"No, little Cousin," he returned gravely, and with a shake of the head. "The scrapings you notice on my handsome countenance and on my slender hands are but the result of a weakness with which I was born."

"You were not born with those scratches, or I should have observed them long ago," she replied, smiling.

"I said the result of a weakness, your Highness. It is my nature to want to climb. Whenever I see the side of a rock I am seized with an uncontrollable desire to scale it, and climb I must if the sky falls. I always have found it the most agreeable sensation in the world to be clinging to the side of a rock with nothing over me but the blue of the heavens, and nothing beneath me but the blue of some mountain lake and with a delightful feeling of uncertainty as to just where I am to find my next foothold."

"That is an odd taste indeed," she returned, laughing, "and I do not think there are many who share it with you."

Antoine, I regret to say, was a mischievous youth, as we have seen from the trick he played on his friend the jester when they first started out on their journey together, and it may have been—though of course he would have scorned the suggestion—that some of the raps given him by the old Duchess of Burgundy were not altogether undeserved.

However that may be, he surely did meddle with something at the inn which did not concern him, as you shall presently see. That "something" was a cunning little bear. The innkeeper conducted the jester and the two boys to a rude cage constructed out of the limbs of trees, which he had placed a little distance from the house and near the edge of the forest. Within the cage was a brown bear cub which had been brought to him by a friend. This wild and woolly pet, he said, he was going to train and sell for a good round sum to a traveling mountebank, who would want to exhibit it in the courtyards of inns and before the nobility.
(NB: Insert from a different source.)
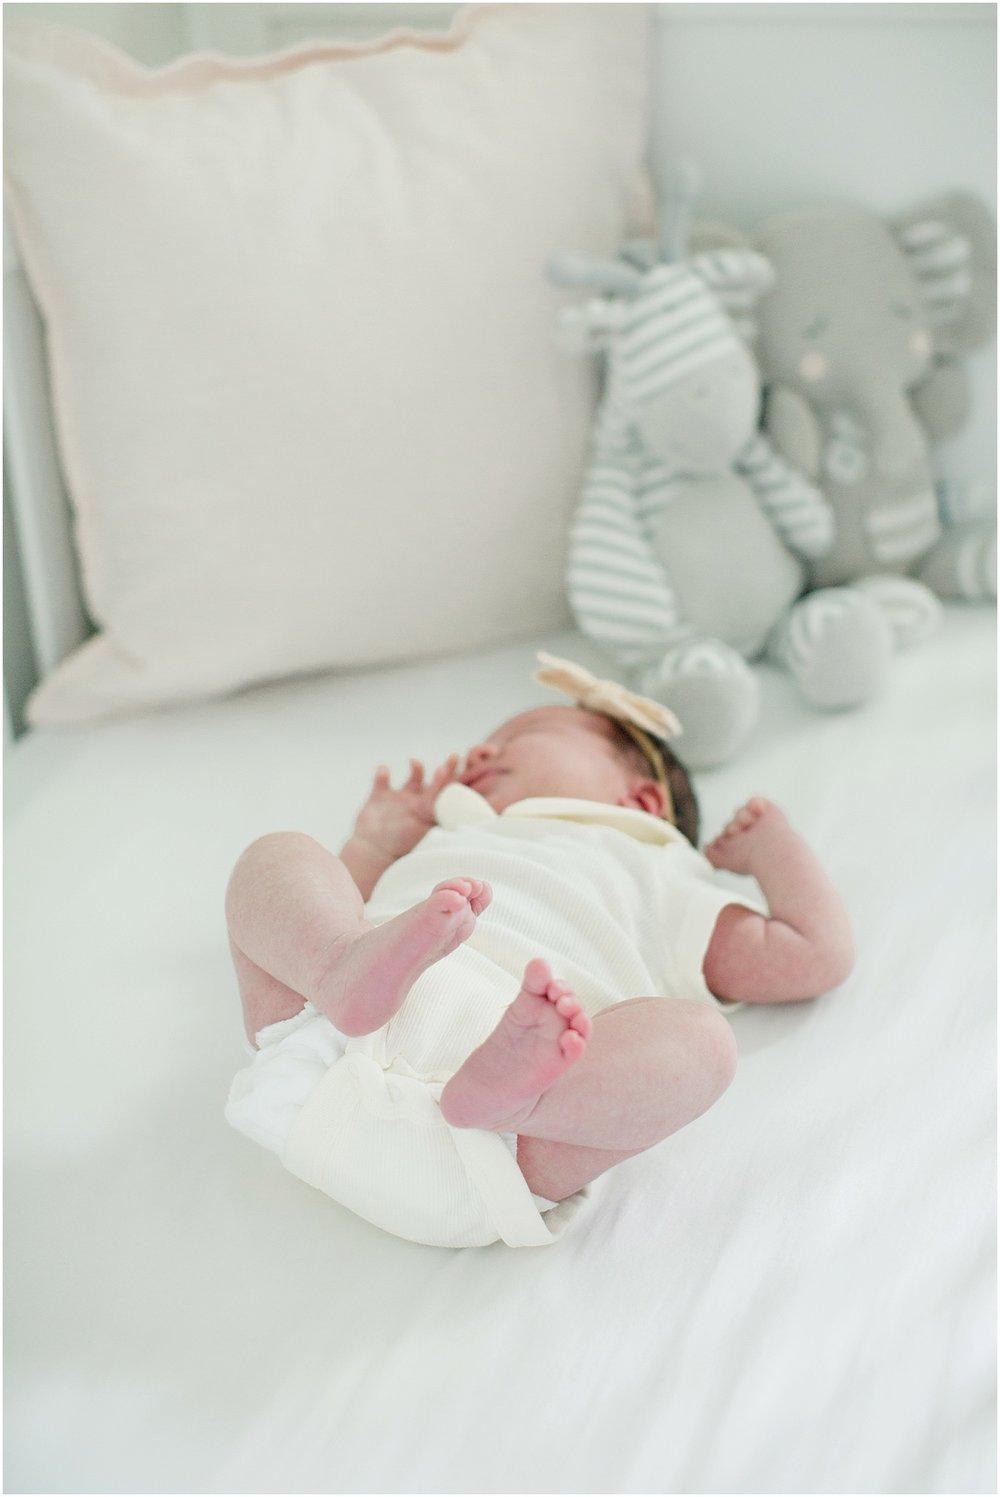 Ashley Powell Photography Quinn Newborn Blog Images_0080.jpg

Young Master Bruin was already learning, and one felt that his education would be completed by the time he was full grown. When his master would say "Come," he would obey, and he could stand on his hind feet in a manner that was quite genteel, and he was greatly admired by the three guests of his master, who watched his performances. When replaced in the cage, he walked round and round it, and every time he came to a corner he would bow, as all bears do when caged, but Le Glorieux remarked, "I see that you have begun by teaching him to be polite, and politeness is a great thing in man or beast. There are a good many things we could learn from animals if we would only think about it, though we are so well satisfied with ourselves that we think we are the only living beings in the world who are worth considering. There are not many of us who are as faithful in our friendship as an ordinary dog, and did you ever watch a cat when she had her mind bent on getting a certain mouse? Talk about patience and perseverance! Why, if a man had as much, he could accomplish almost anything he set out to do!"

"I should like to take that little bear out and play with him," remarked Antoine, as the innkeeper walked on ahead with Philibert.

"Just you take my advice, my young friend, and let that bear alone," said the jester, with emphasis. "The owner of the bear will teach him a number of tricks, no doubt, but there is one that he will not be obliged to learn, having been born with it, and that is the art of hugging."

"Pooh!" said Antoine, "a little thing like that could not hurt me. I have played with dogs a good deal larger than that bear."